_TASK ITEM_
Only some lines are wanted: please transcribe exactly those from the one containing "Little Sister Retro Baby Bodysuit" through the end of the data, pictures excluded.

_DATA SEGMENT_
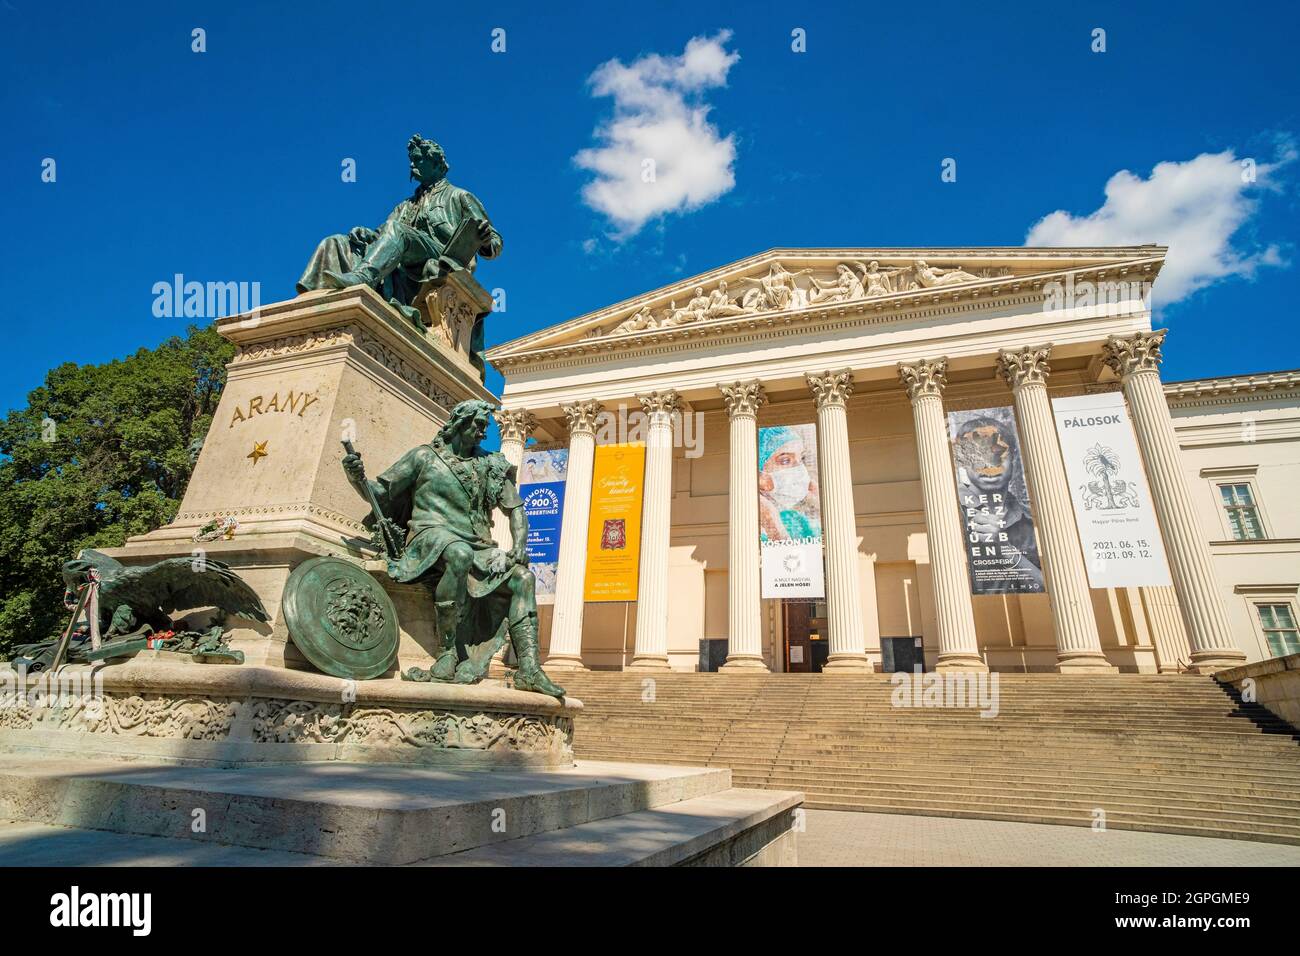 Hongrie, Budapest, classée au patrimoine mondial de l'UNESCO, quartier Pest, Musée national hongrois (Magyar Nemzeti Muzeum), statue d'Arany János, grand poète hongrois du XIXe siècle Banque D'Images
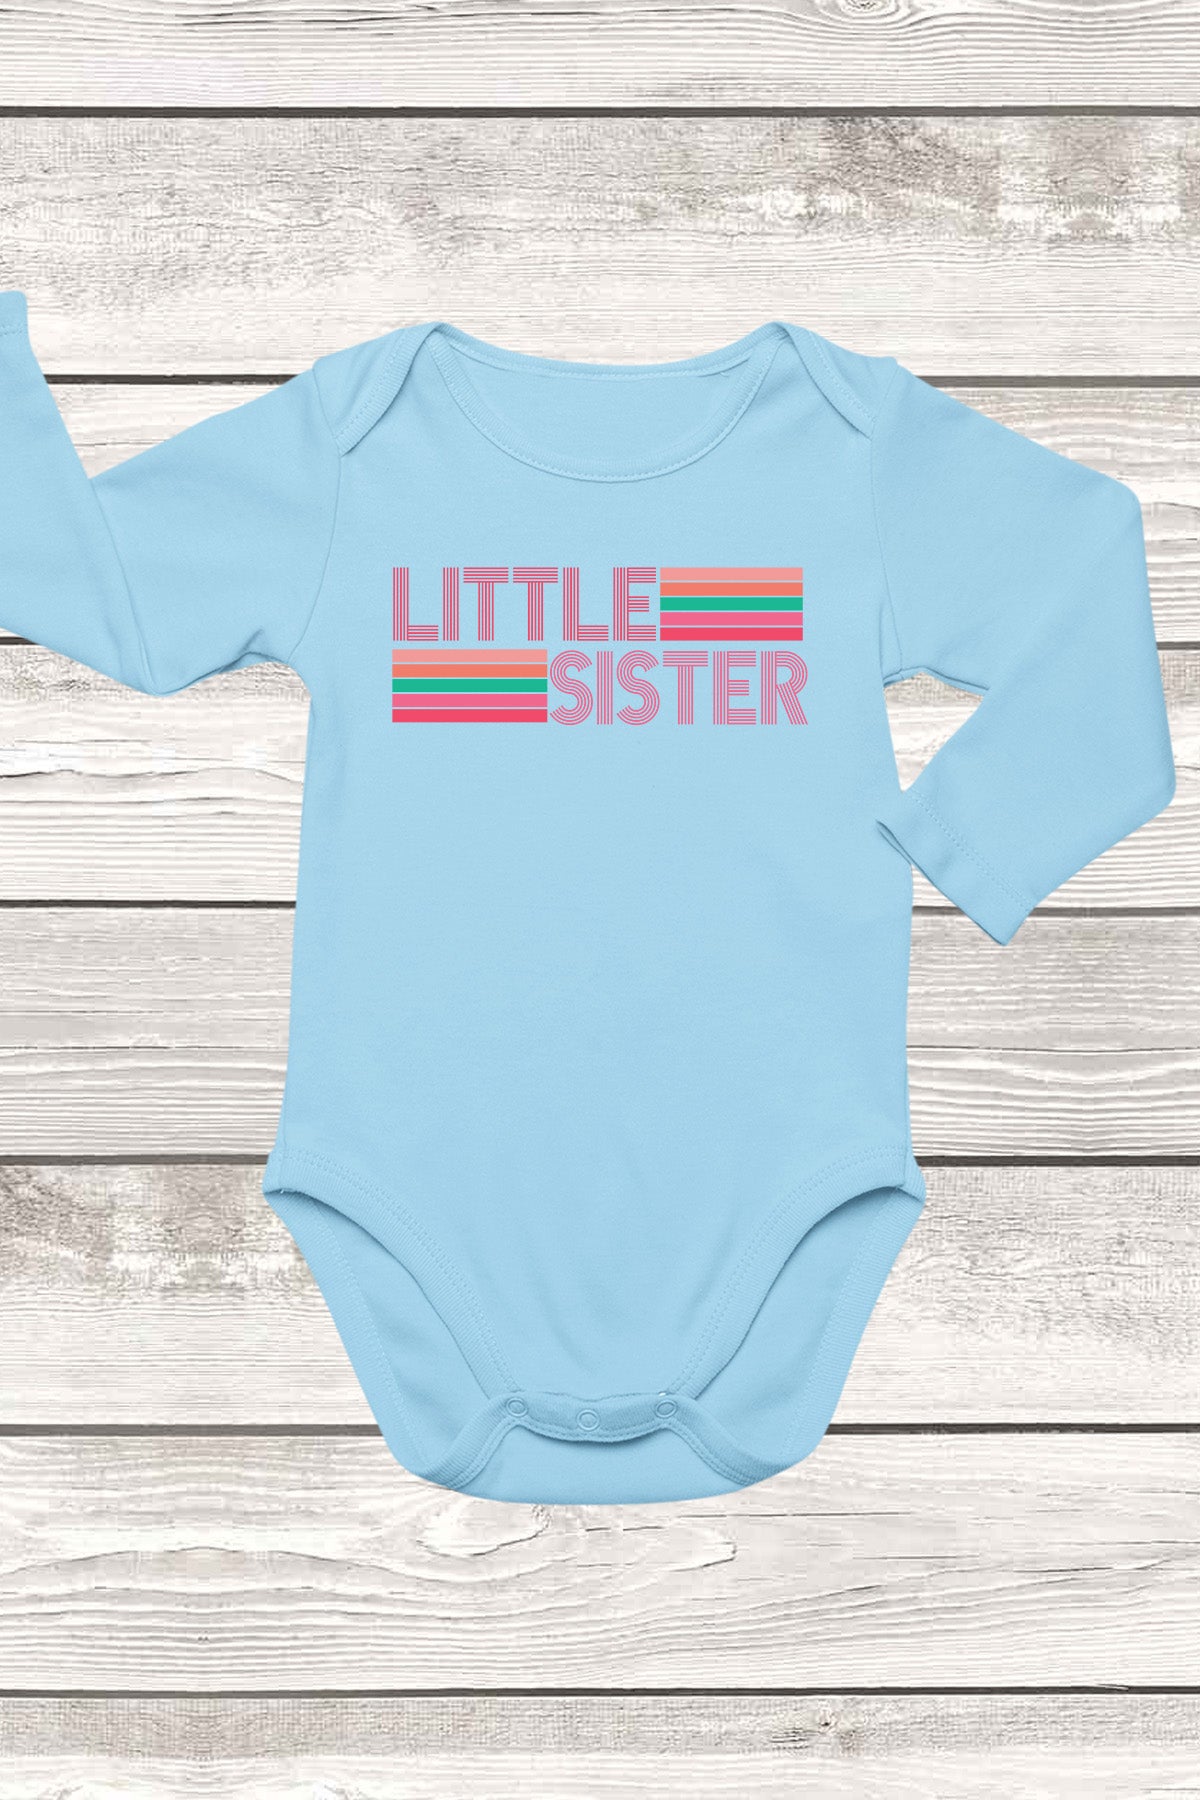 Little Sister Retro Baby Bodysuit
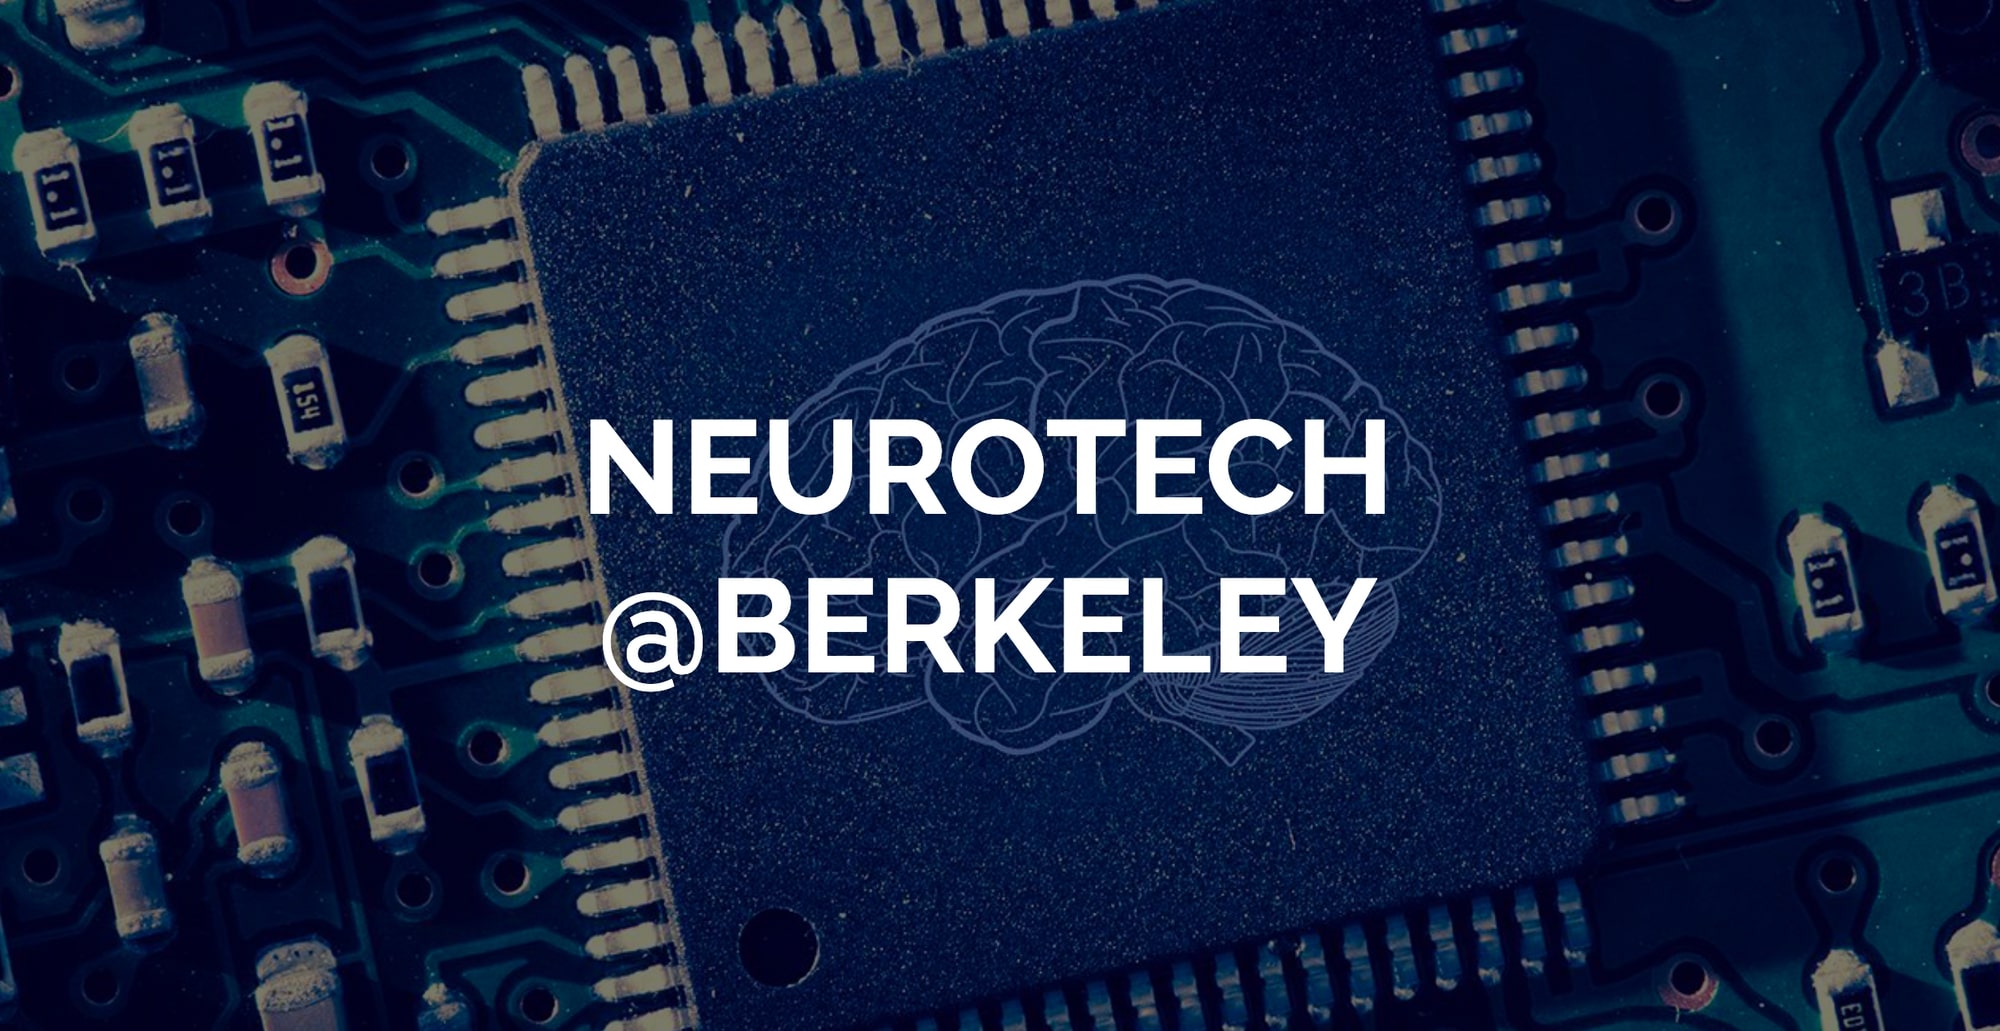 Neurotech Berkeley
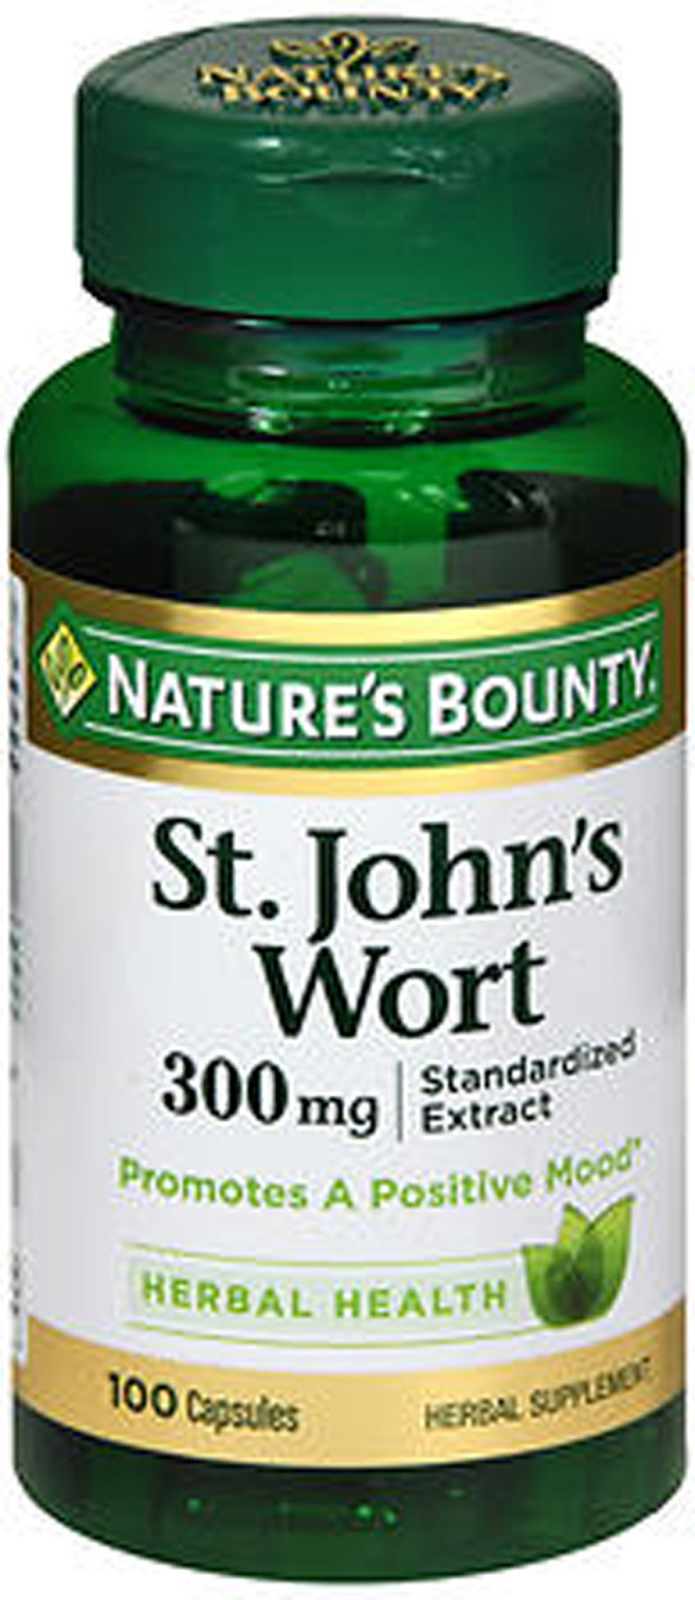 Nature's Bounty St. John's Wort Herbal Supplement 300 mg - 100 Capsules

_TASK OUTPUT_
 Little Sister Retro Baby Bodysuit
 Neurotech Berkeley
 Nature's Bounty St. John's Wort Herbal Supplement 300 mg - 100 Capsules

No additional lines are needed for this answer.